= European Project on Ocean Acidification =

logo

The European Project on Ocean Acidification (EPOCA) was Europe's first major research initiative and the first large-scale international research effort devoted to studying the impacts and consequences of ocean acidification. EPOCA was an EU FP7 Integrated Project active during four years, from 2008 to 2012.

The EPOCA consortium brought together more than 160 researchers from 32 institutes in 10 European countries (Belgium, France, Germany, Iceland, Italy, the Netherlands, Norway, Sweden, Switzerland, and the United Kingdom) and was coordinated by the French Centre National de la Recherche Scientifique (CNRS) with the project office based at the Institut de la Mer de Villefranche, France (formerly Observatoire Océanologique de Villefranche).

== Scope ==
The research carried out through EPOCA was structured around four themes :

1. Theme 1 investigated the changes in ocean chemistry and biogeography across space and time. Paleo-reconstruction methods were used on several archives, including foraminifera and deep-sea corals, to determine the past variability in ocean chemistry and to tie these to present-day chemical and biological observations;
2. Theme 2 studied the sensitivity of marine organisms, communities and ecosystems to ocean acidification. Key climate-relevant biogeochemical processes such as calcification, primary production and nitrogen fixation were investigated using a large array of techniques, ranging from molecular tools to physiological and ecological approaches. Perturbation experiments were carried out both in the laboratory and in the field, including a major large-scale offshore mesocosm experiment in Svalbard in 2010
3. Theme 3 focused on the integration of the results from Themes 1 and 2 in biogeochemical, sediment, and coupled ocean-climate models to better understand and project the responses of the Earth system to ocean acidification. Special attention was paid to feedbacks of physiological changes on the carbon, nitrogen, sulfur and iron cycles and how these changes will affect and be affected by future climate change;
4. Finally, Theme 4 synthesized the results from Themes 1-3 and assessed uncertainties, risks and thresholds ("tipping points") related to ocean acidification at scales ranging from subcellular to ecosystem and local to global scales. A second focus of this theme was to communicate the findings to fellow scientists but also to policy makers, media, schools and the general public.

== Legacy ==
EPOCA significantly contributed to advancing the state of knowledge on ocean acidification and its impact on marine organisms and ecosystems. The project produced more than 200 research articles, equivalent to 20% of the peer-reviewed scientific literature on ocean acidification published during the period 2009-2012.

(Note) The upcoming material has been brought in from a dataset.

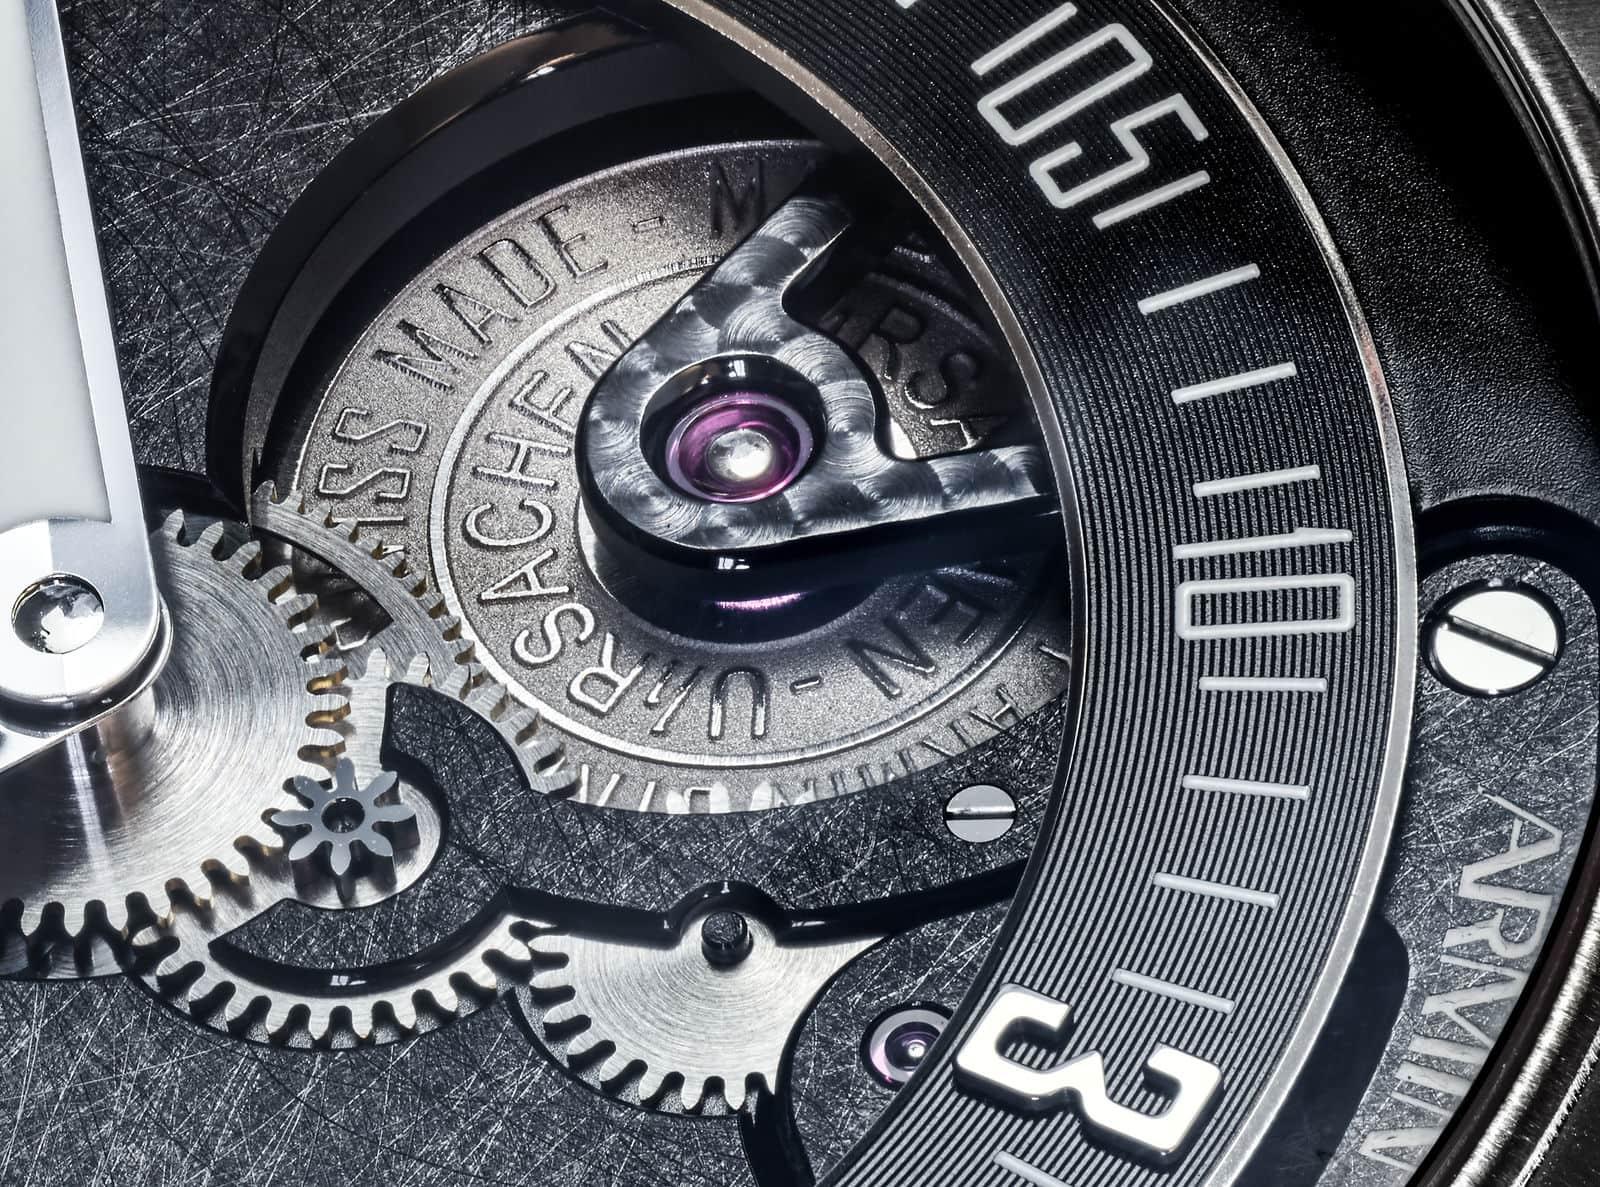 Armin-Strom_01-2-1600x1600

EPOCA leaves behind products still widely used by the international scientific community working on ocean acidification, such as :

- EPOCA scientists designed and developed the R software package seacarb, which calculates parameters of the seawater carbonate system and includes functions useful for ocean acidification research;
- EPOCA led the production of the community-reviewed “Guide to best practices in ocean acidification research and data reporting”, published in 2010 as a collaborative effort of EPOCA and international colleagues to provide guidance on design of ocean acidification experiments and to facilitate comparisons of studies and;
- EPOCA maintained and pioneered several resources made available to the international ocean acidification research community :
  - a news stream on ocean acidification launched in 2006 by Jean-Pierre Gattuso, which provides daily information on the latest scientific articles, media coverage, meetings, and job and training opportunities;
  - a bibliographic database including research articles, books and book chapters with allocated keywords, launched in 1995 by Jean-Pierre Gattuso and;
  - a compilation of data from peer-reviewed studies investigating a biological response to ocean acidification.